YOUR GOAL: The answer should hold only the lines from the one containing "dimore quartetto borgo sant'ambrogio 6 (1)" through the one containing "Demolizione Ponte Morandi, il" in the entries below, copied exactly, without pictures.

DATA PROVIDED:
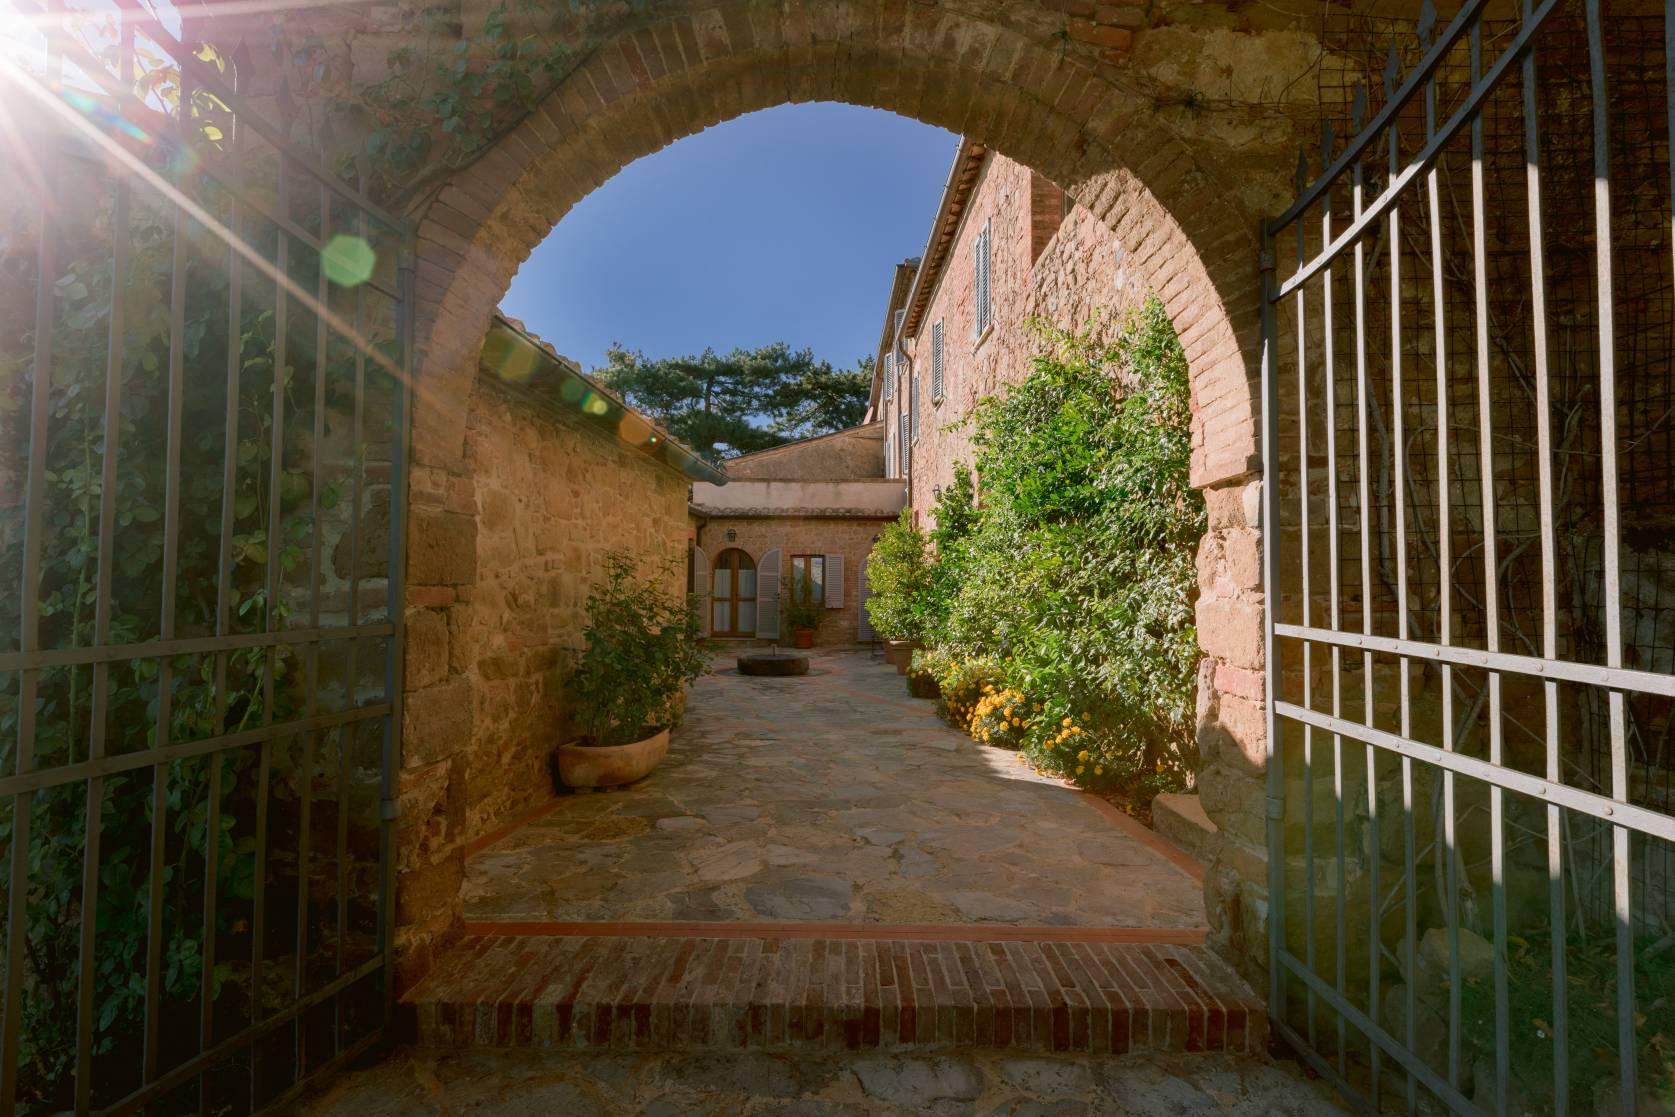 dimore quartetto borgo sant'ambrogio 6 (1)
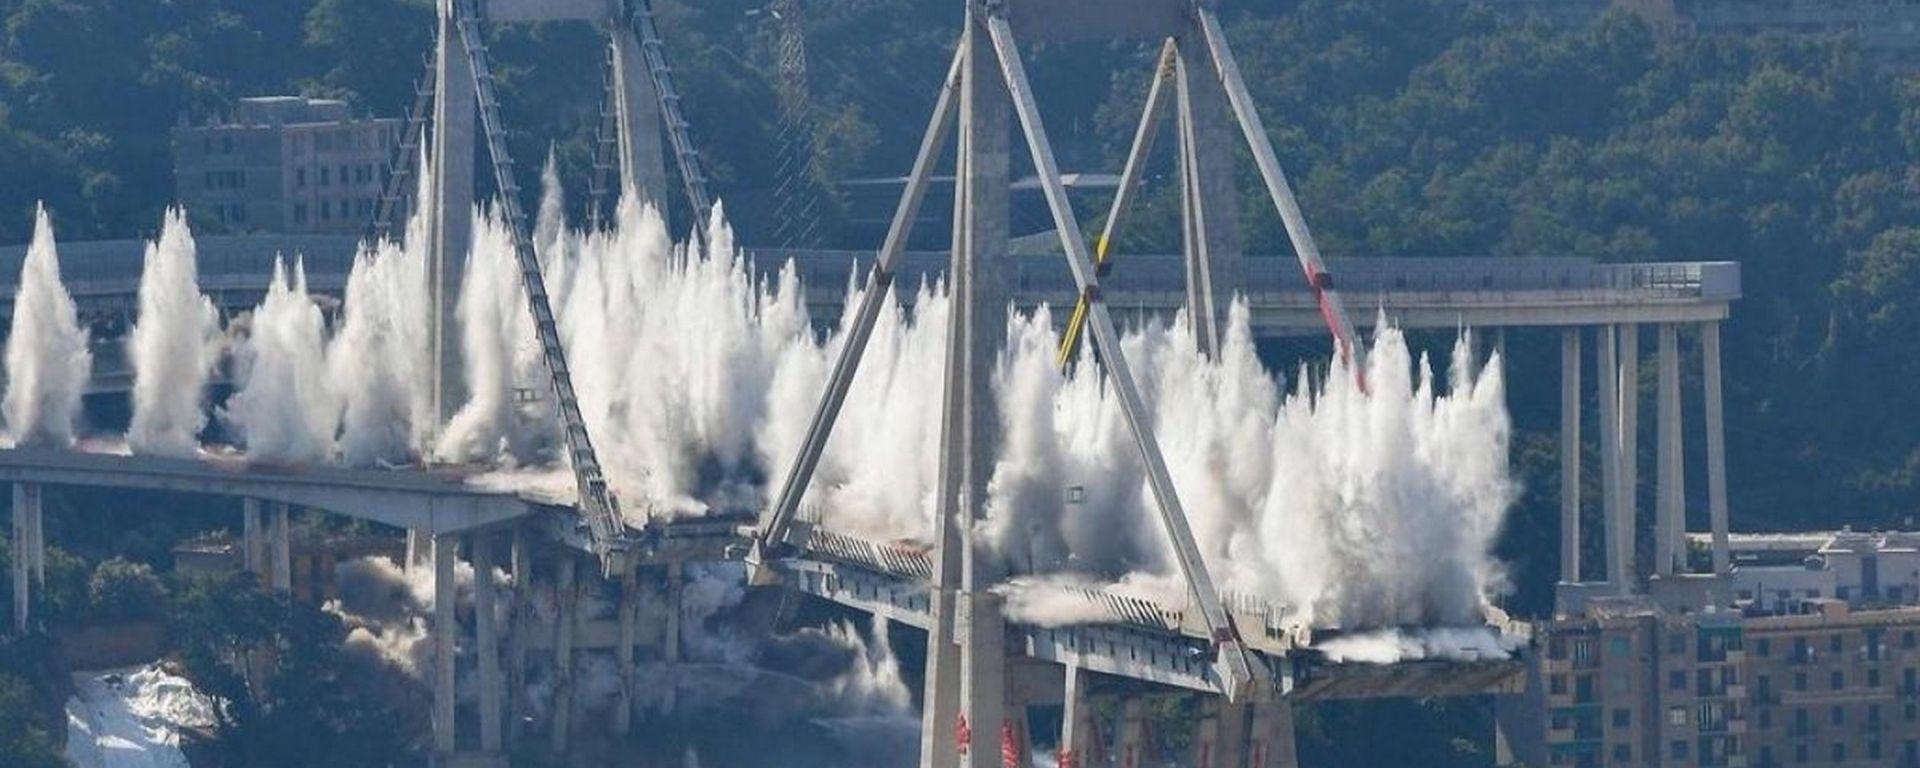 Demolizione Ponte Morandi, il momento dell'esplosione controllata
==
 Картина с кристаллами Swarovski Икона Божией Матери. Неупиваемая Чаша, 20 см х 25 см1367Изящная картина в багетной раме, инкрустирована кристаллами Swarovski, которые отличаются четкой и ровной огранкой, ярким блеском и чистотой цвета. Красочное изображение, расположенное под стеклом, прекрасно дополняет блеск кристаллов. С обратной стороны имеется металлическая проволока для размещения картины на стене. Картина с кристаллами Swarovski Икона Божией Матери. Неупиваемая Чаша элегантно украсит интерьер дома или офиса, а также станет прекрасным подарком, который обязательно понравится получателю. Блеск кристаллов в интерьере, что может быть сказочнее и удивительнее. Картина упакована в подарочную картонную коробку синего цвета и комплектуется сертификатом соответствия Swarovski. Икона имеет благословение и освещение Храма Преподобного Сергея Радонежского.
* * *
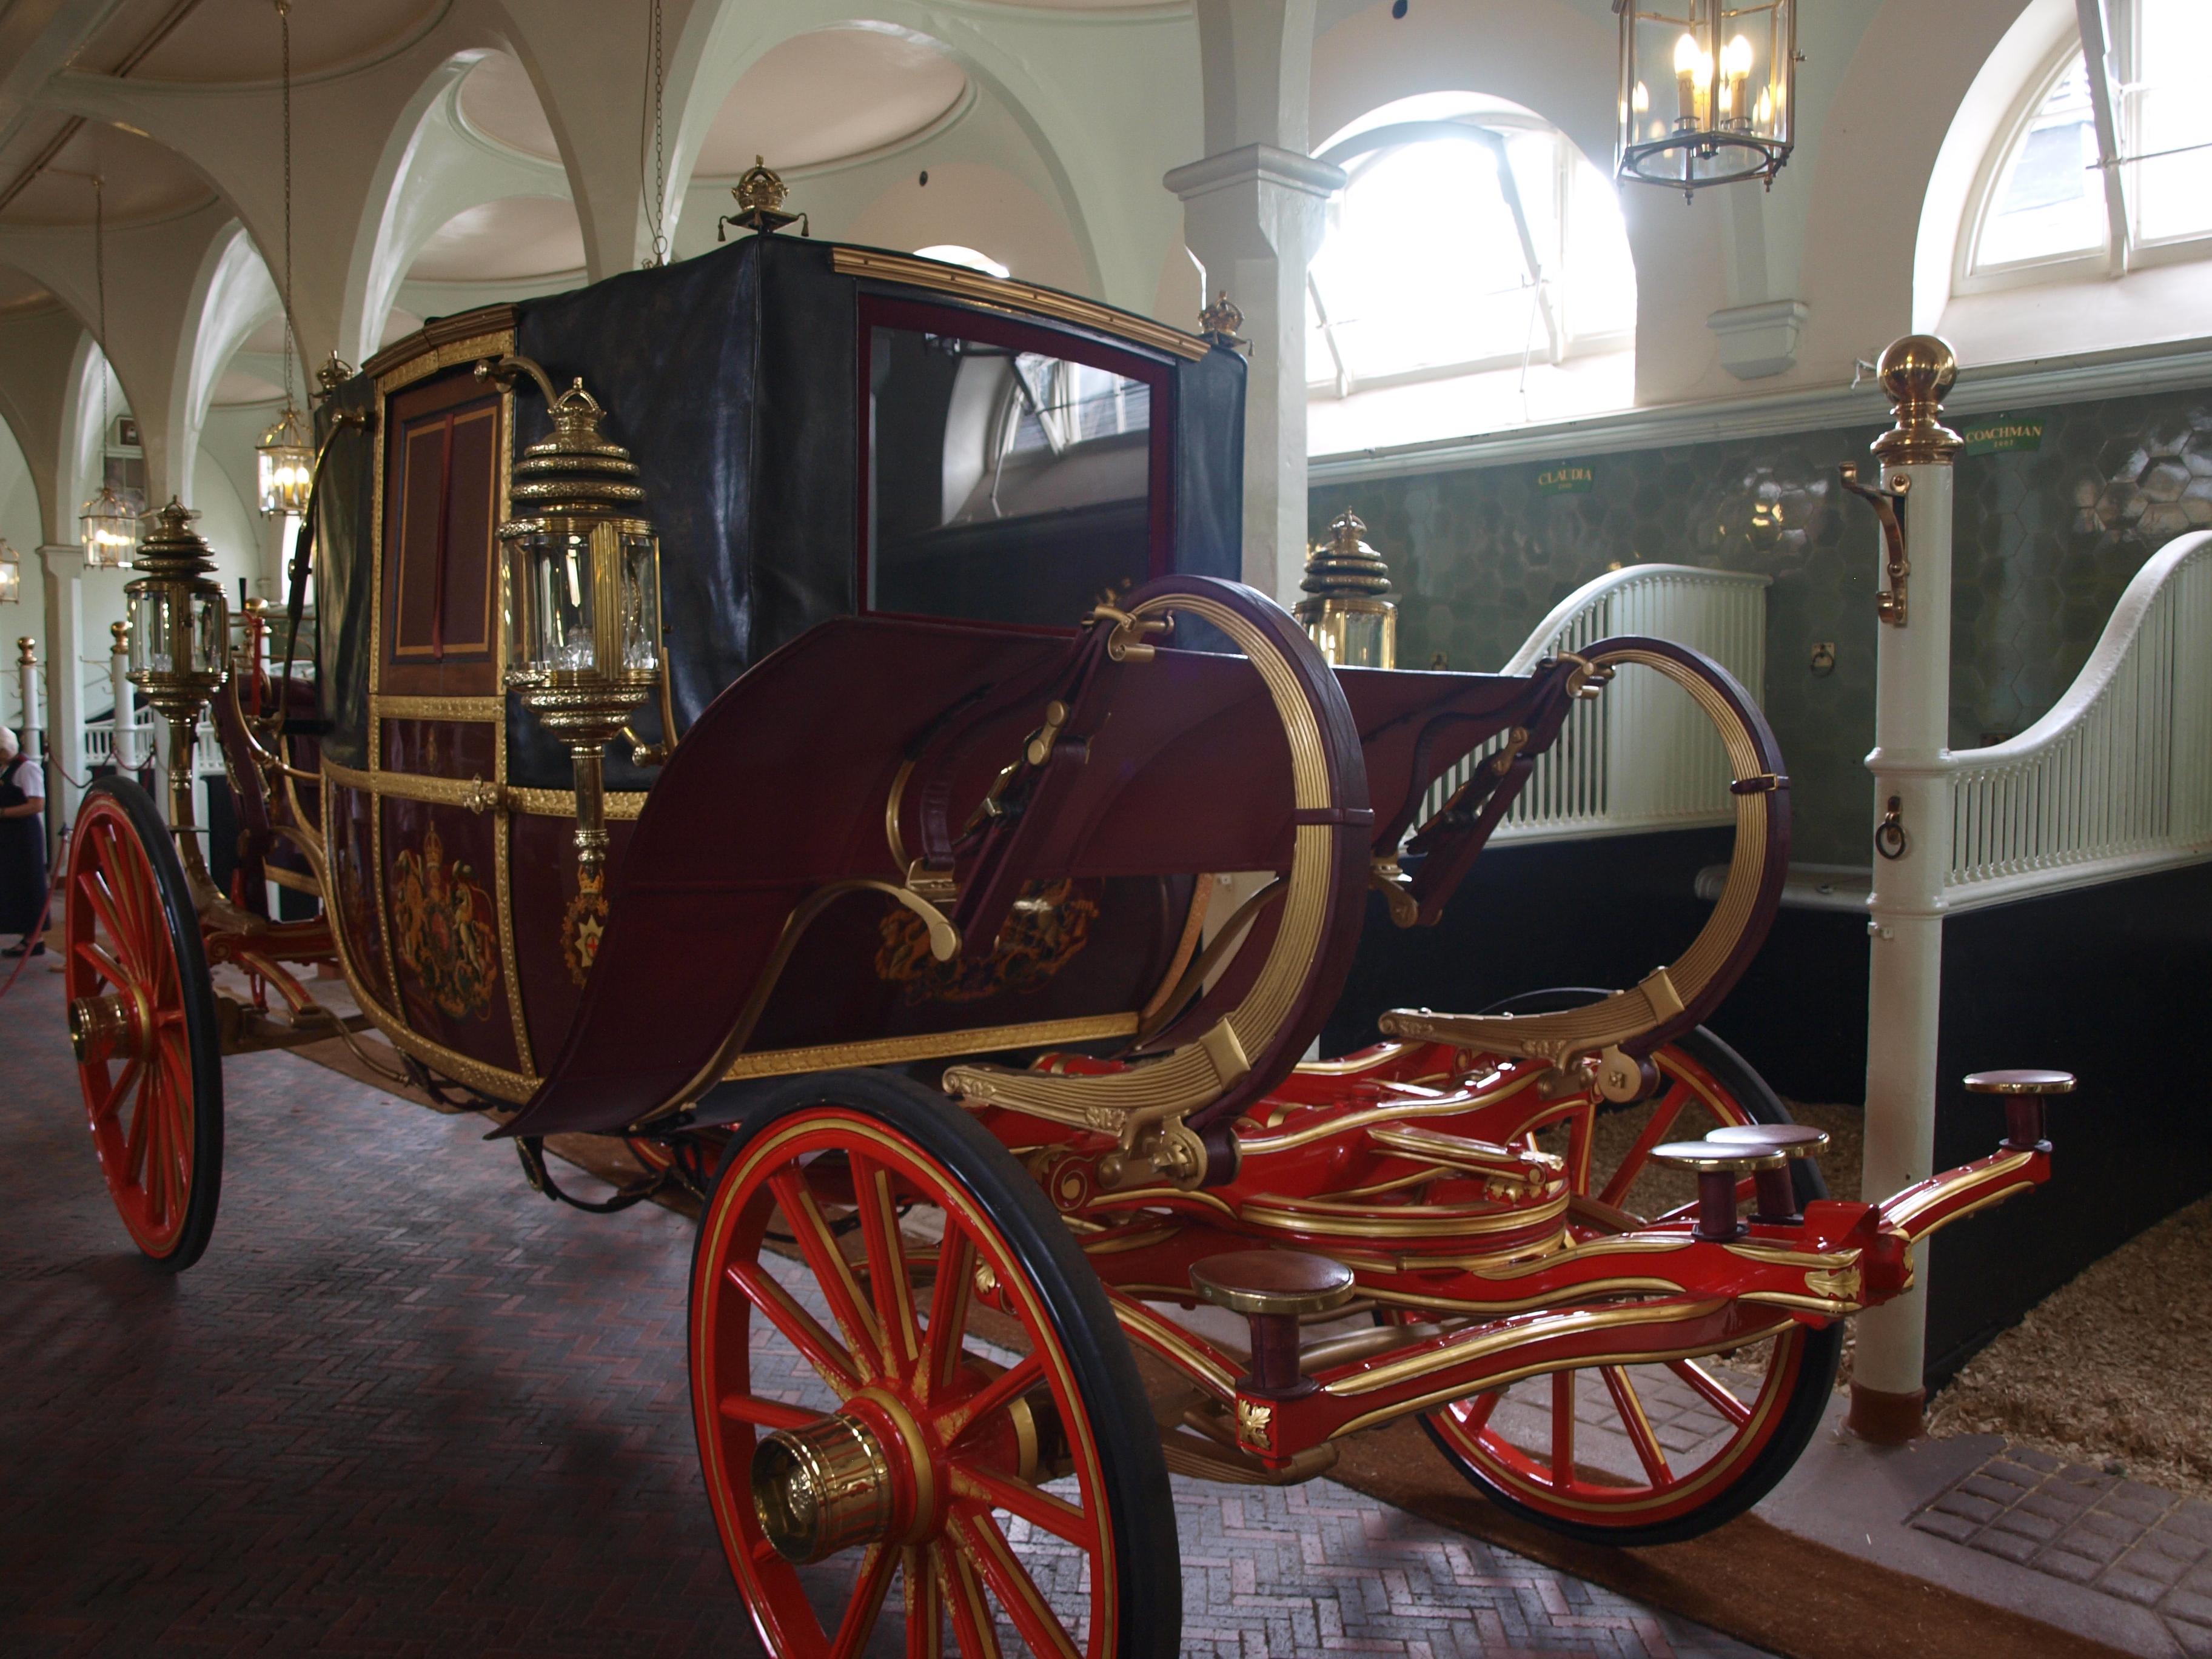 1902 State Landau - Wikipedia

ANSWER AREA:
 dimore quartetto borgo sant'ambrogio 6 (1)
 Demolizione Ponte Morandi, il momento dell'esplosione controllata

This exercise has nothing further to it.